Retired people have built up a lifetime of skills that could be appreciated and used in many areas.
However, you need to establish a number of issues before volunteering to ensure that you will be happy in the work you do. These issues include:
* Establishing which organisations require volunteers and which interest you;
* What sort of work is involved and will it interest you;
* Who you will work with and whether you will get on with the people;
* What will be expected of you;
* When will you be needed and for how long; and
* Will your expenses be paid.
EMPLOYMENT AFTER RETIREMENT
Taljaard says there is no reason why you should not seek paid employment after retirement but you must be realistic about why you are taking a new job. Factors you need to take into account include:
* The reason. For example is it because you need the income or because you do not want to become bored?

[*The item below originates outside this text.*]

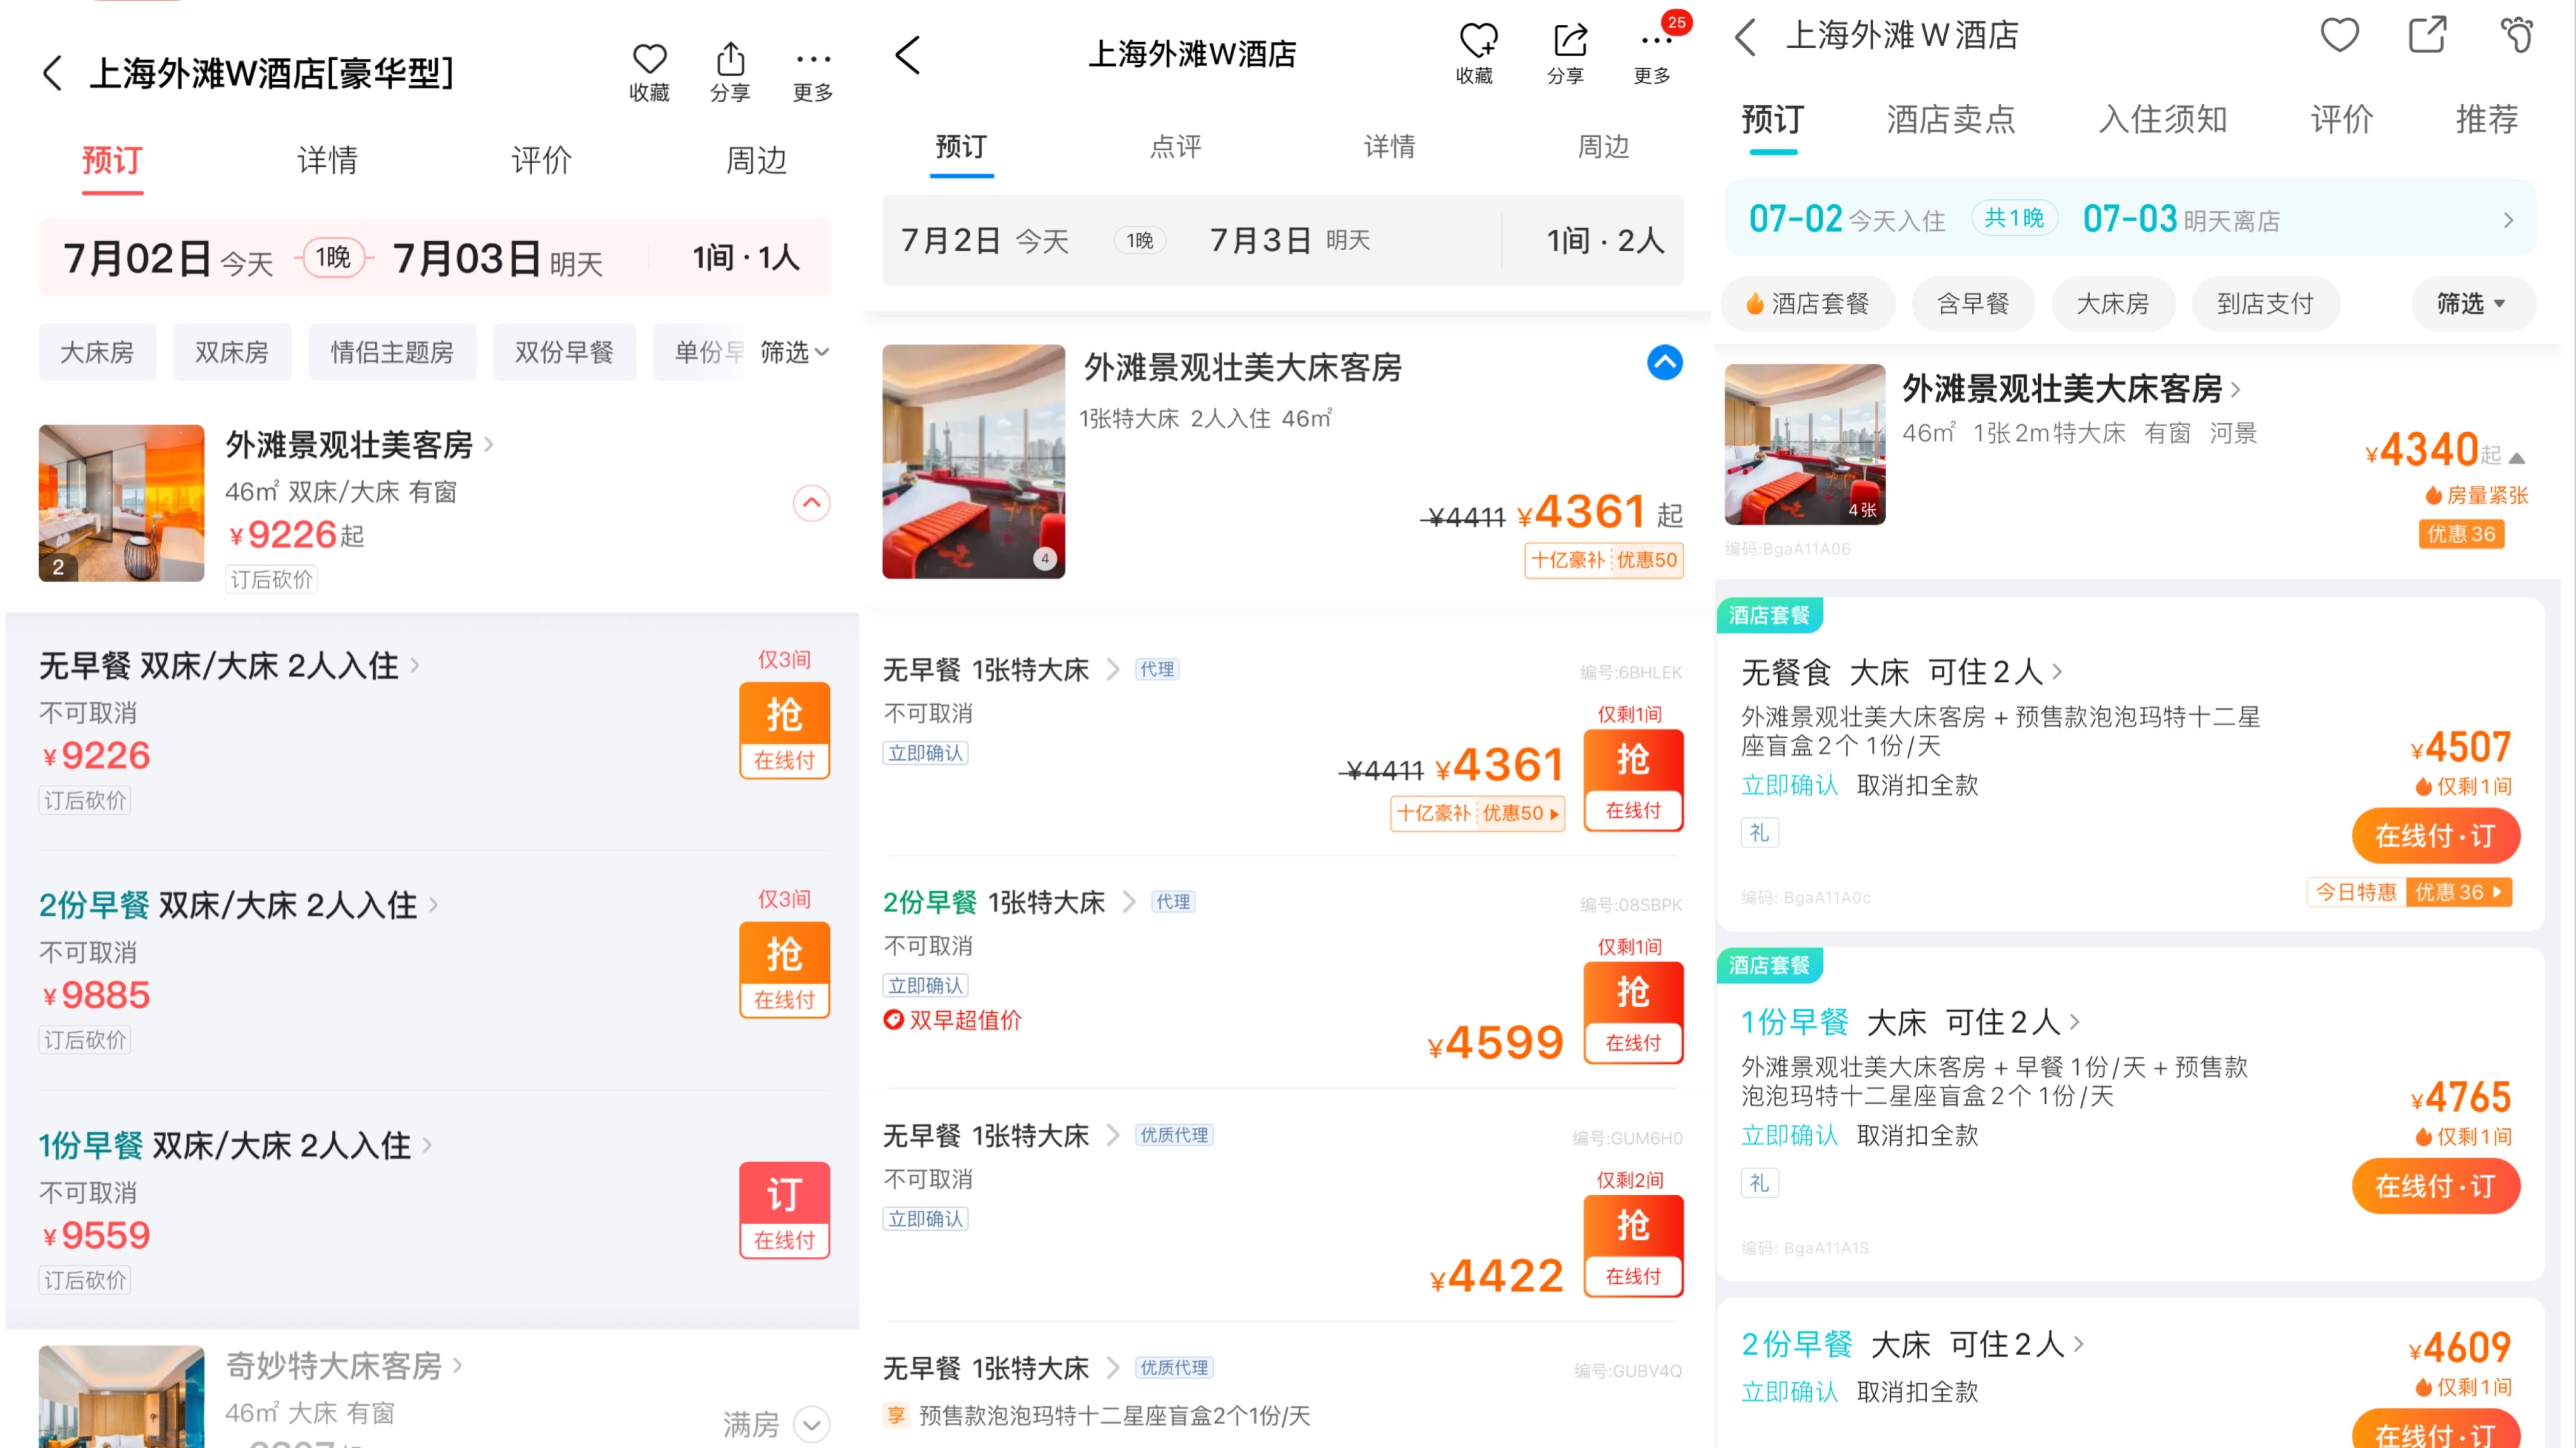 Screenshots of the booking prices for rooms with magnificent views of the Bund at W Hotel on the Bund in Shanghai displayed on the morning of July 2nd, from left to right: Meituan, Ctrip, Where to Go.

* Your skills. Make a list of the skills you have as you may find that many other jobs will open up to you;
* Investigate. Talk to people who could help you in making a choice; and
* New skills. Don't be afraid to spend a year or two developing new skills if you want to do something else or brushing up on your existing skills before setting out to get a post-retirement job.
LIVING ARRANGEMENTS
There can be many reasons for changing your current home in retirement.
Any change and move should be considered very carefully and you should not make any hasty decisions.
Issues to take into consideration include:
* Priorities. For example do you want to live at the coast or in a retirement village; or nearer your children.
You should be careful of removing yourself from your environment where you have family, friends and a support system;
* Make joint decisions. You should compare questions and answers with your spouse; and
* Find a happy compromise between the various demands and considerations.
LEISURE TIME
Taljaard says you will have more leisure time to develop existing and new interests. It is important that you use leisure time to "join in and enjoy what life has to offer".